There are also other strategies similar to blue/green like canary which will allow you to deploy a new version of your service and route a small subset of live traffic to it. Provided that the new version works as intended, the live traffic can be shifted incrementally in phases. If things go wrong, the incremental shift control stops moving traffic to the new version and you can rollback to the existing live version of the service. The canary strategy can also take various forms as there is a high level of control based on the percentage of traffic to shift in each phase, amount of time spent in each phase, predicates of moving into the next phase as well as others.

How to orchestrate all of that?

Using AWS CodeDeploy

AWS CodeDeploy has great support for Blue/Green and Canary based deployments. CodeDeploy functions in different forms depending on your application’s compute platform. As well as managing the blue/green transition, CodeDeploy also supports running hooks at various stages of the process, which we’ll discuss shortly. In this post, we will be looking at Lambda and ECS deployments although EC2 instances and on-prem workloads are also supported:

  • Lambda – works with aliases, traffic is shifted from one version to a new version of the same Lambda function.
  • ECS – Traffic is shifted from a task set to an updated, replacement task set in an ECS service using ALB target groups

For Lambdas, that means versioning your functions, and instead of the Lambda triggering services (SQS, Kinesis, API Gateway etc) being mapped to the main lambda ARN (which points to the LATEST version), you map them to an alias (live or prod as the name of the active alias as an example). During a blue/green deployment, CodeDeploy will migrate the version that the live alias is pointed to from the current one to the new one.

For ECS services, the deployments are performed by manipulating the target groups belonging to an ALB. You create 2 target groups and listeners for your service (rather than 1 that you would usually create for a simple ALB to ECS routing to the active version of your service), both attached to the same ALB but using different ports (80 for the existing version and 8080 for the new version as an example). During a blue/green deployment, CodeDeploy will switch the target groups and listeners around, so that the new version’s target group, which was previously mapped to the 8080 port, gets attached to the live listener on port 80.

Using Terraform

It’s well and good if your service is just a single Lambda or ECS task, but in reality that’s never the case.
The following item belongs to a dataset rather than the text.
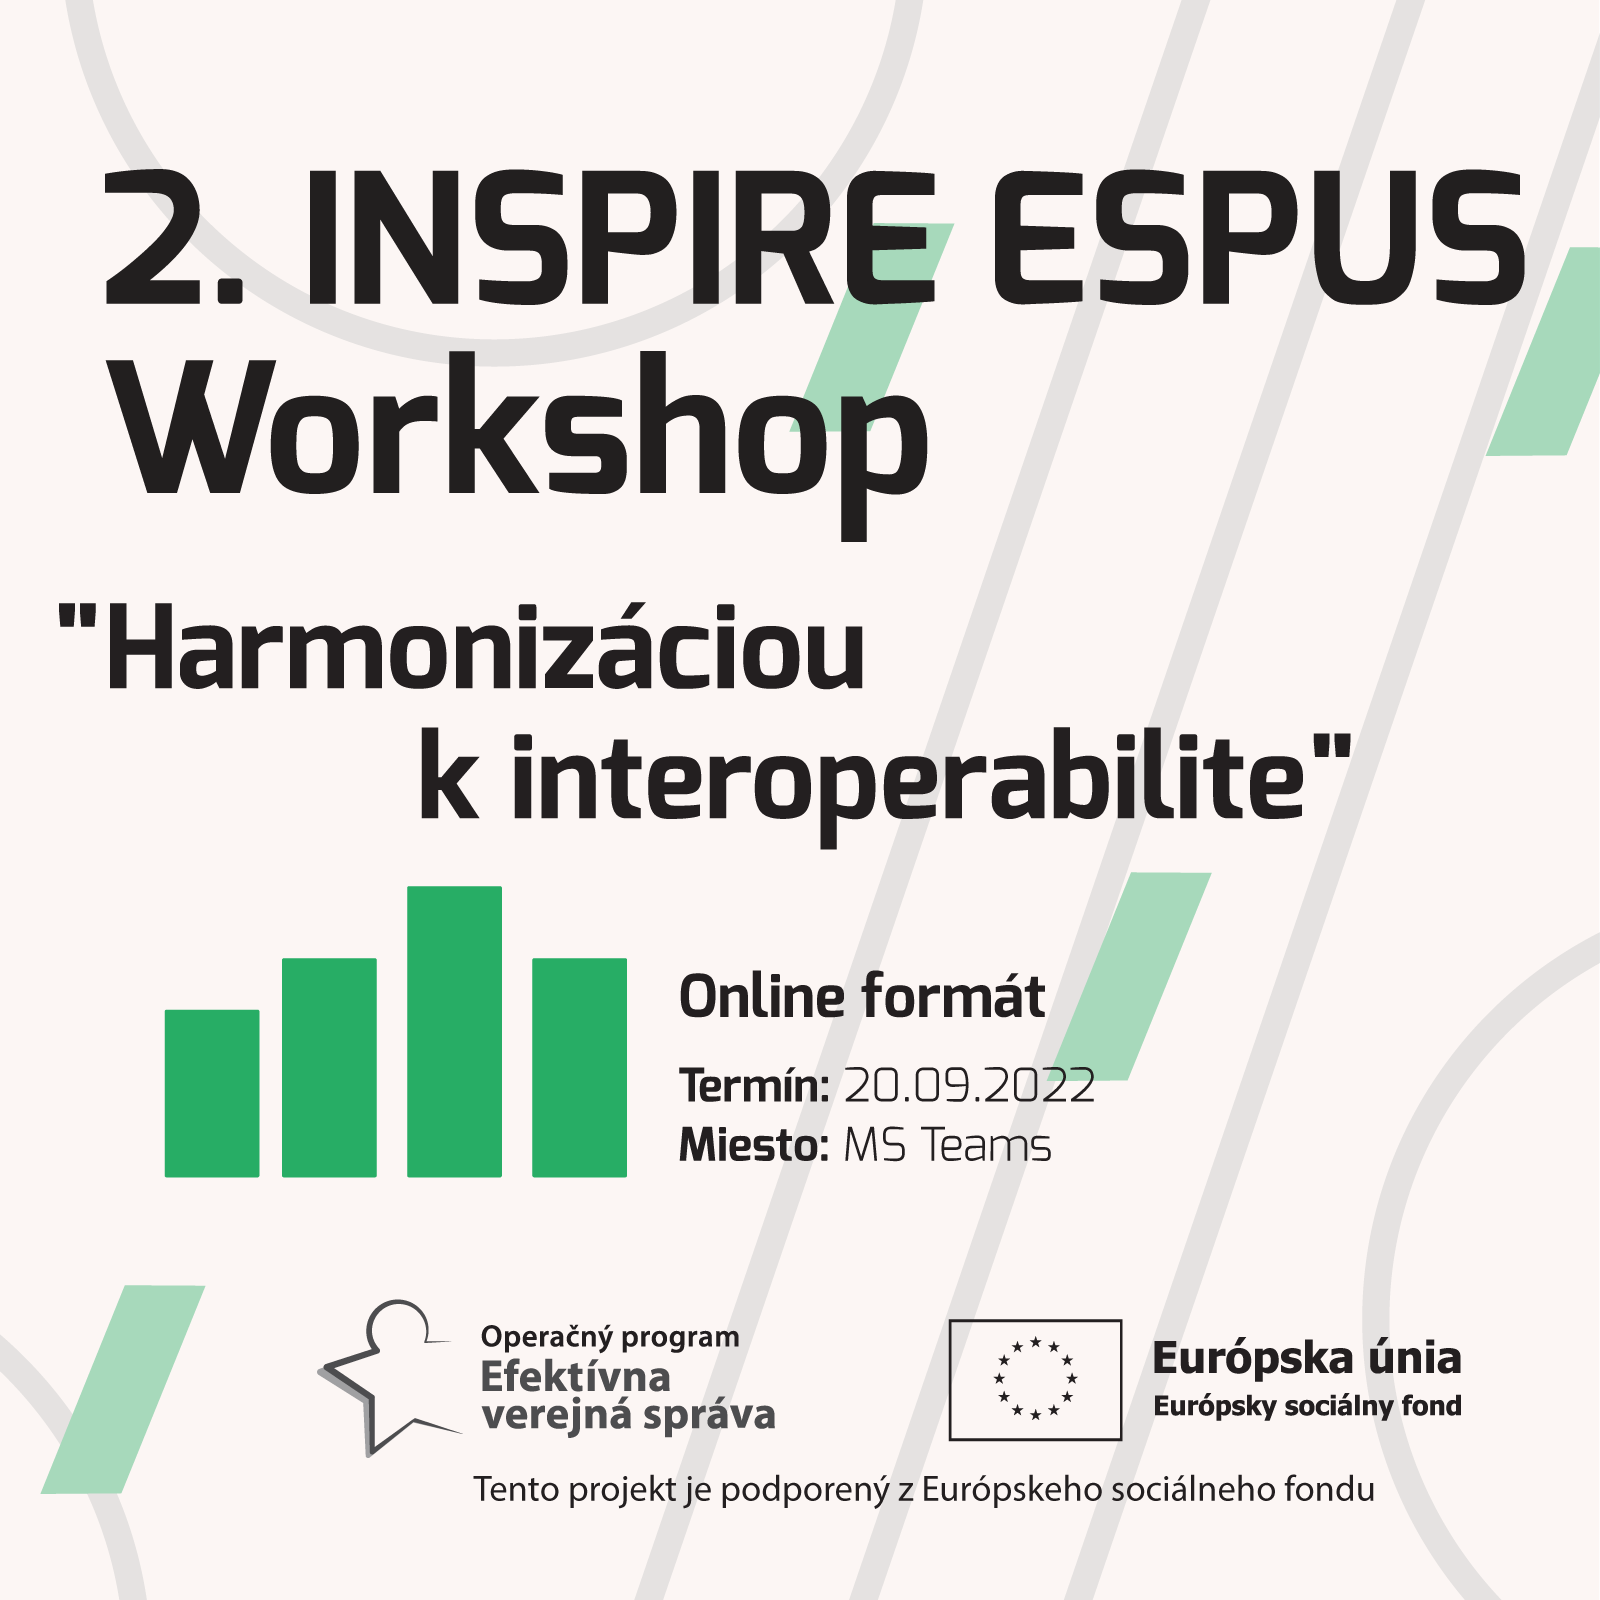 Ministerstvo životného prostredia SR organizovalo 20.09.2022 2.workshop v rámci projektu ESPUS: Harmonizáciou k interoperabilite. Príspevok poskytuje výstupy z tohto podujatia.
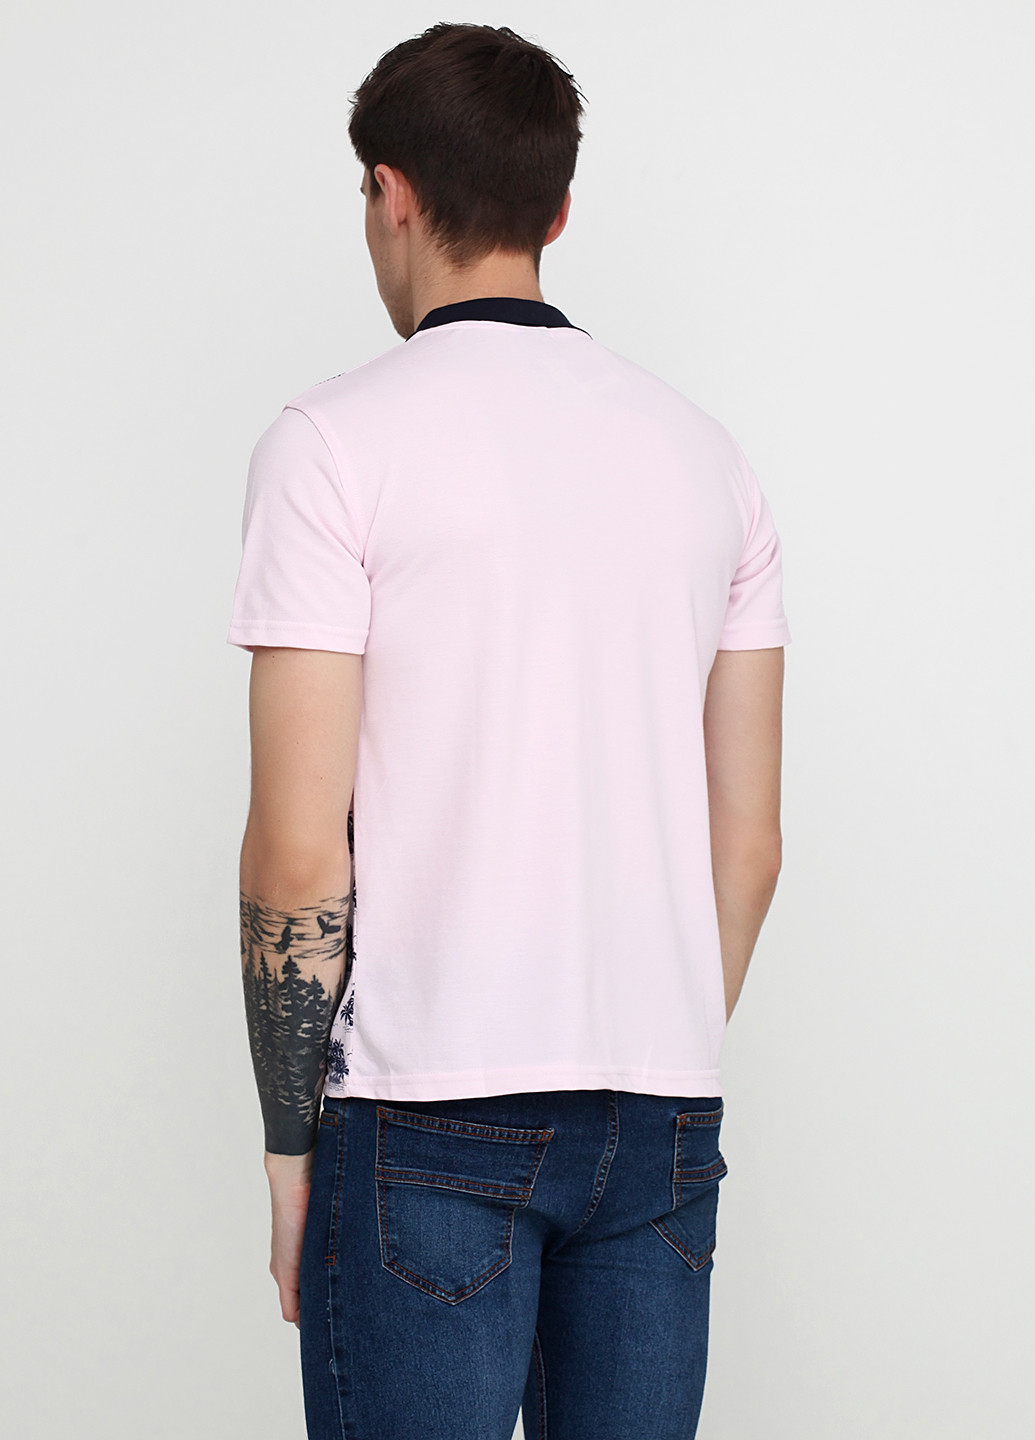 Бледно-розовая футболка-поло для мужчин West Wint с рисунком

Most real life applications will also have databases, ingestion pipelines, config and other associated resources, all of which must also have 2 versions that coexist in parallel during a deployment to enable the new version of the service to be validated before the blue/green transition occurs. To achieve this, the Terraform infrastructure code can be configured to have resources setup as pairs – 2 databases, 2 queues, 2 Lambdas etc. Essentially, everything that needs to run side by side is defined as a double pair. This means that when Terraform apply runs, we have 2 of each the resources – 1 coupled to the existing live service, and the other coupled to the new version of the service we’re going to transition to. When Terraform has finished the apply operation and created the resources for the next version, it invokes a Lambda which in turn will prepare and execute a CodeDeploy deployment.

Using CodeDeploy Hooks

CodeDeploy hooks are the essential ingredient to bringing all this together. By design, CodeDeploy hooks are lifecycle operations that are executed at various points of the deployment. For example, you may want to run migrations and seed an empty database or warm up a cache store before the transition and tear down of resources on the dormant stack after the transition has occurred to avoid extra costs.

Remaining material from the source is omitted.